MR. ODLING-SMEE: Thank you.

Any other questions at this stage? Yes, please?

QUESTION: I would be interested in the panelists' view on the prospects for Russia joining the World Trade Organization in the foreseeable future. One of the issues overhanging this particular enterprise is the low level of energy prices in Russia to which particularly the European countries object. On the other hand, in Russia it seems to be an article of faith given, as it is understood, the abundance of energy resources in Russia.

So I would be keen on your point of view how this may play out if, say, the World Trade Organization would be more amenable or if we would see some movement on energy prices in Russia.

Thank you.

MR. ODLING-SMEE: Thank you. I'll ask the panelists to respond to the first four questions now. Anders, would you like to go first?

MR. ASLUND: Okay. I can start with this question about the American media reaction to the oligarchs. It is very striking how the American media have really very sharply turned around, but I think that there are mainly quite natural reasons for this. One, it's so obvious that the security services are on top now, and the media normally supports the underdog. You can say that the first three years of President Putin's role, it was a balancing of the oligarchs against the security services.

From July this year, it seems as if President Putin is firmly standing on the KGB side, and then, of course, the American media are taking the opposite side.

Another element of this is that the oligarchs talked to the media.
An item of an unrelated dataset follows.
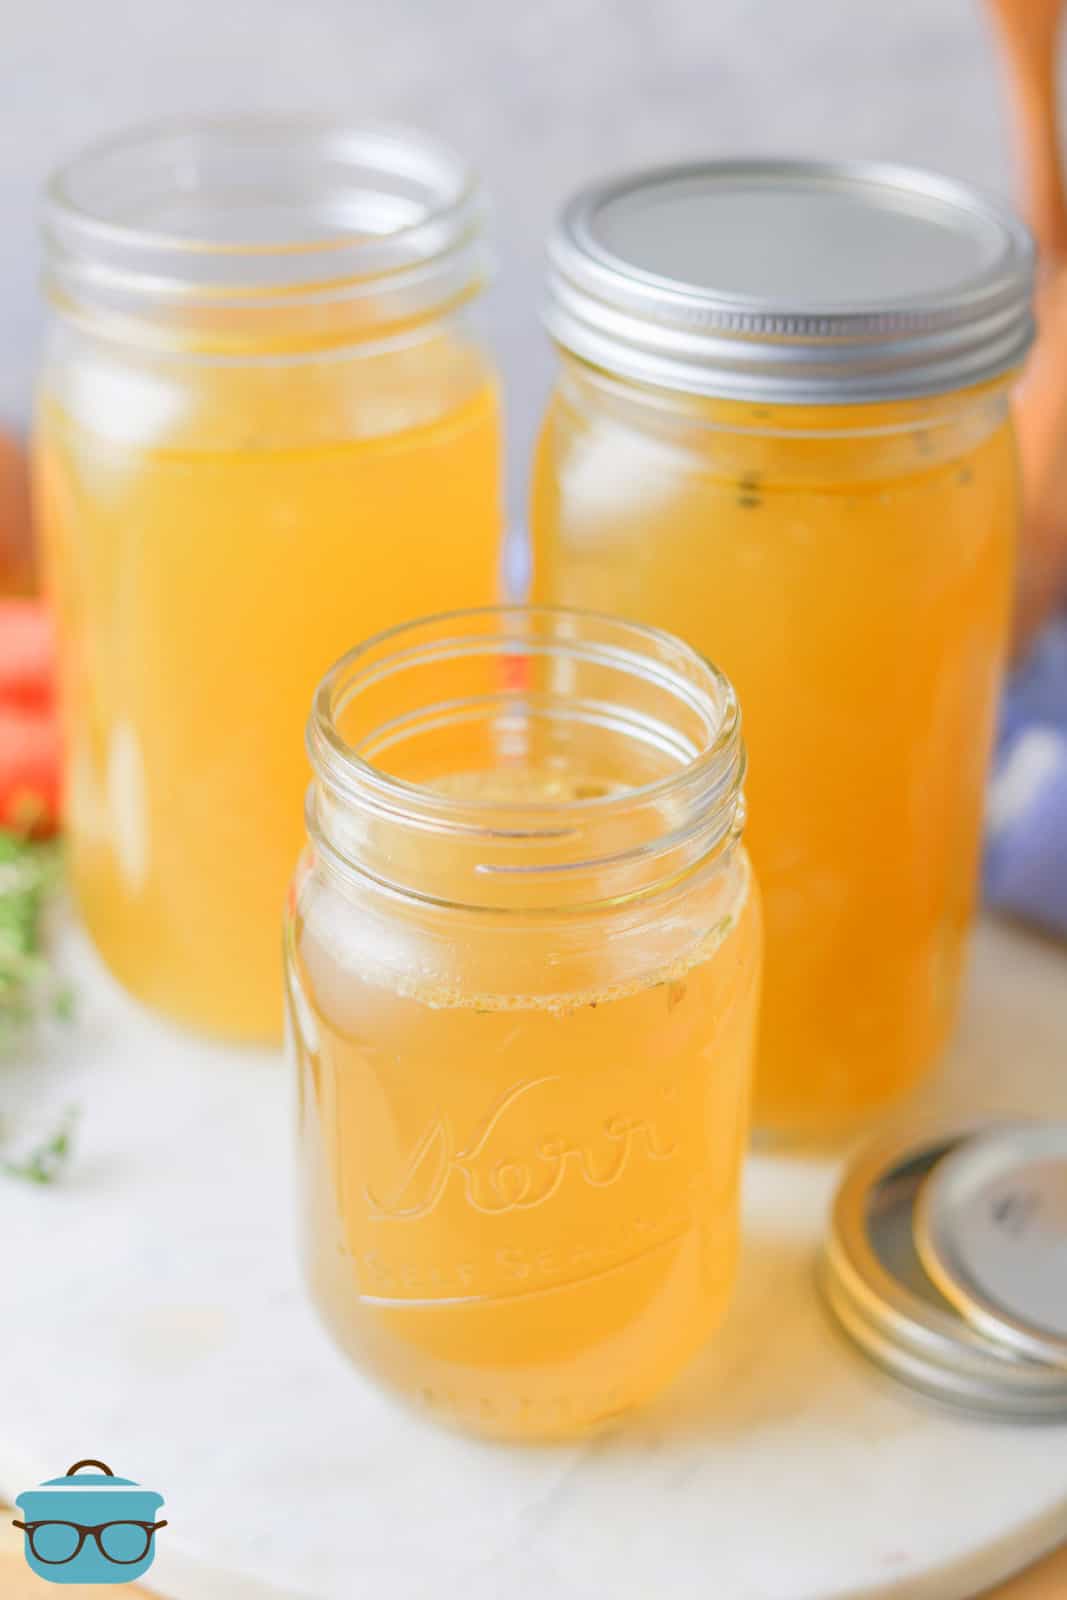 Homemade Chicken Broth in mason jars 2 with lids off.

The security services don't talk to the media. The Kremlin has become pretty impenetrable today. Previously, it was more open than ever, you can say more open than hardly any government in terms of media access. Of course, journalists react to that.
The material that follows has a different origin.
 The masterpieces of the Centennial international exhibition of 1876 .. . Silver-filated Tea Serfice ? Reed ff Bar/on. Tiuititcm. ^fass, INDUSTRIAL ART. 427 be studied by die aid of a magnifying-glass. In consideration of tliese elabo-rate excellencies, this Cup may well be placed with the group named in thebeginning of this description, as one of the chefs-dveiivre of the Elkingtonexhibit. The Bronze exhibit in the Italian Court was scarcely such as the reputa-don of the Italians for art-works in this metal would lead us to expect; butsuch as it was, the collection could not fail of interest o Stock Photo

Moreover, you have now quite a few of the old Soviet KGB manners that haven't really been seen since '89 coming back, and you often hear now the statement -- [Russian] - this is not a telephone conversation. And I've only heard this this year coming back, and it's quite standard now, while it disappeared in '89 when glasnost really broke through.

Drawing on American history, I think that's the good parallel, you had the robber barons. How did they make their money? Nine of 22 robber barons made their money on railways and several of the other servicing the railways with their industries. And to make money on railways was to get land for free from the government, and this was quite similar to the (?) for share privatizations. So I think from an American perspective, one should realize it's important to have private ownership. It's important that it's competitive. It's not so important how it started. We can do the same with those European countries, but in the U.S. it's quite recent, and one should be aware of it and appreciate it.

The problem here is what Aleksei Mozhin said, that these property rights are not now respected. As a result of this, the oligarchs try in each election to reinsure their property rights by substantial campaign contributions. And the biggest oligarchic contributions in this election of course, went to United Russia. Communist leader Zyuganov claims that this was about $400 million. I would guess that he had a good understanding of the real amount. Most of this comes from about the 20, 30 biggest businessmen. It's a very small group. And indeed it seems that Khodorkovsky gave most of his money to United Russia. He got a rather small return on it, it turns out--


MR. ASLUND: --in terms of insurance. But this is the nature of the problem.

My view is give an amnesty by any means to the property rights, however it's possible, because then you can stop this massive overflow. So Russian elections cost far more than American elections, although the American GDP in dollar terms is 25 times bigger.

On the WTO, the question here, I think indeed you pointed out that the main question is the gas prices. Electricity I don't think is so central, and oil is not much of an issue. The wholesale price of gas domestically in Russia today with our taxes is on average $27. The average export price to the West--on the western border of Russia is $129 for one thousand cubic meters. So this is the issue.

And Russia is increasing the prices by about 20 percent in ruble terms each year, and it should be within a few years at $40, $45, and I think that's the level where it should be.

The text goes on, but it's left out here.